Now, create a setup.py file as follows. Be sure to update the install_requires array with any additional packages 
required by your additions or changes to the code.

```python
import setuptools

with open("README.md", "r") as fh:
    long_description = fh.read()

setuptools.setup(
    name="<PACKAGE_NAME>",
    version="0.0.1",
    author="<USERNAME>",
    author_email="<EMAIL ADDRESS>",
    description="Libraries and modules to assist in threat hunting and research.",
    long_description=long_description,
    long_description_content_type="text/markdown",
    url="https://github.com/<USERNAME>/<PACKAGE_URL>",
    packages=setuptools.find_packages(),
    install_requires=['certifi', 'pytz'],
    classifiers=[
        "Programming Language :: Python :: 3",
        "License :: OSI Approved :: MIT License",
        "Operating System :: OS Independent",
    ],
)
```

Before pushing the package to PyPI you want to create a file named .pypirc. At least, that is how I learned to do it,
but the username, and password fields no longer seem required as I am still asked for my API key even though it is
included in my .pypirc.

```bash
touch .pypirc
vim .pypirc
```

Insert the following

```ini
[distutils] 
index-servers=pypi

[pypi]
repository: https://upload.pypi.org/legacy/ 
username: <your username>
password: <your api token>

[testpypi]
repository: https://test.pypi.org/legacy/
username: <your username>
password: <your api token>
```

Now, you can push up your package to PyPI.

```bash
python3 setup.py sdist bdist_wheel
python -m twine upload dist/*
```

Congratulations, you have now created your own package.

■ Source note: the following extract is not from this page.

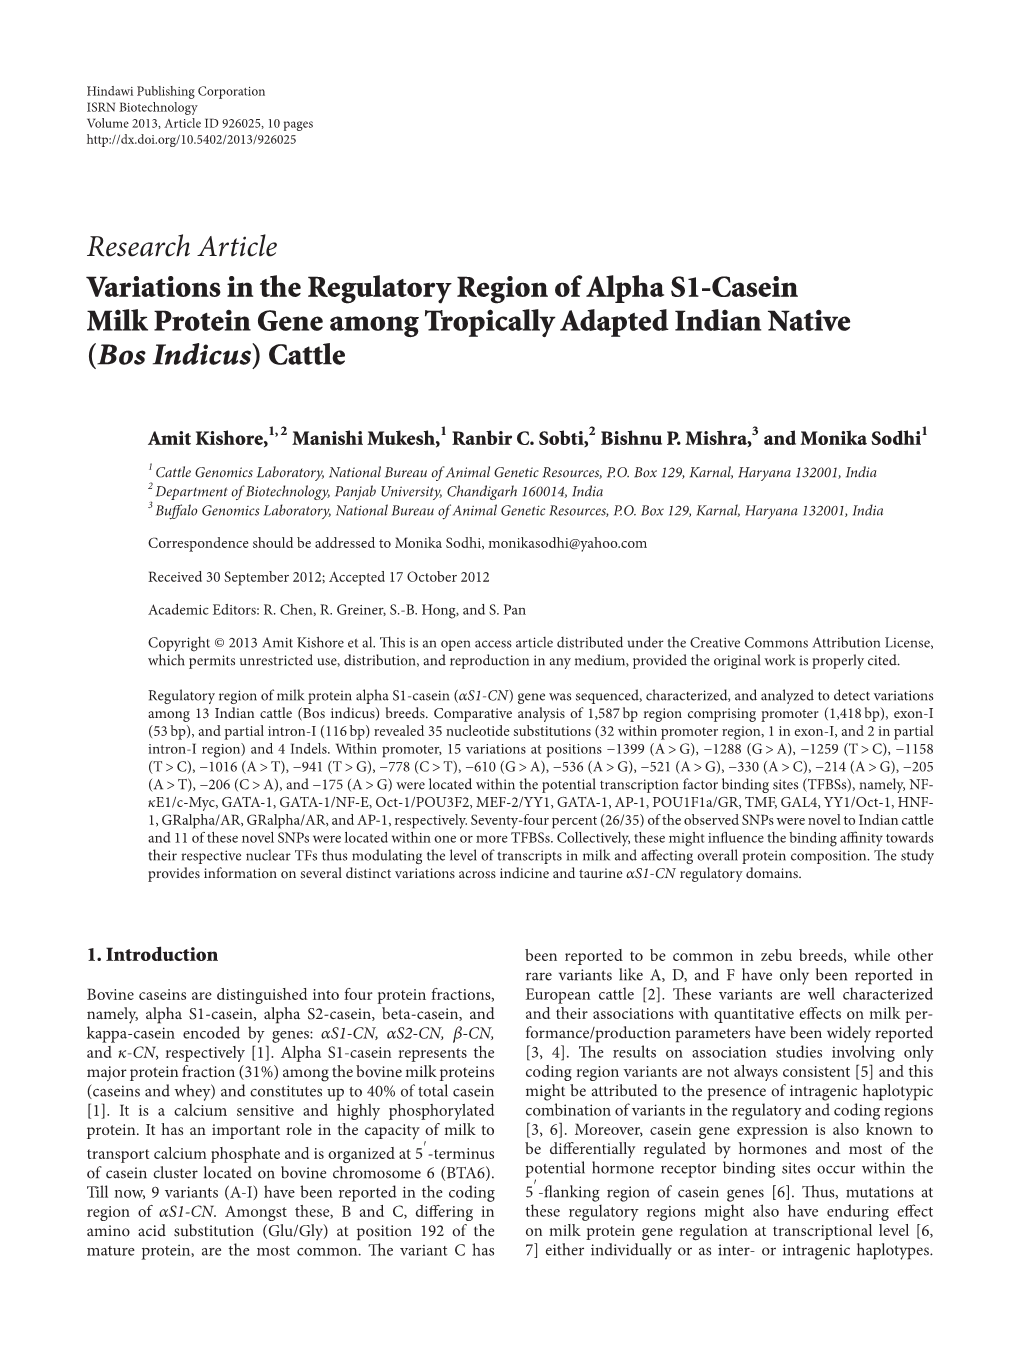 Research Article Variations in the Regulatory Region of Alpha S1-Casein Milk Protein Gene Among Tropically Adapted Indian Native (Bos Indicus) Cattle

To test it out, create a test project with a Python Virtual Environment and install your package.

```bash
cd ~/
mkdir test_proj
cd test_proj
python3 -m venv venv
source venv/bin/activate
pip install <PACKAGE_NAME>
touch test.py
vim test.py
```

Write a little code that uses your packages libraries/modules and give it a go!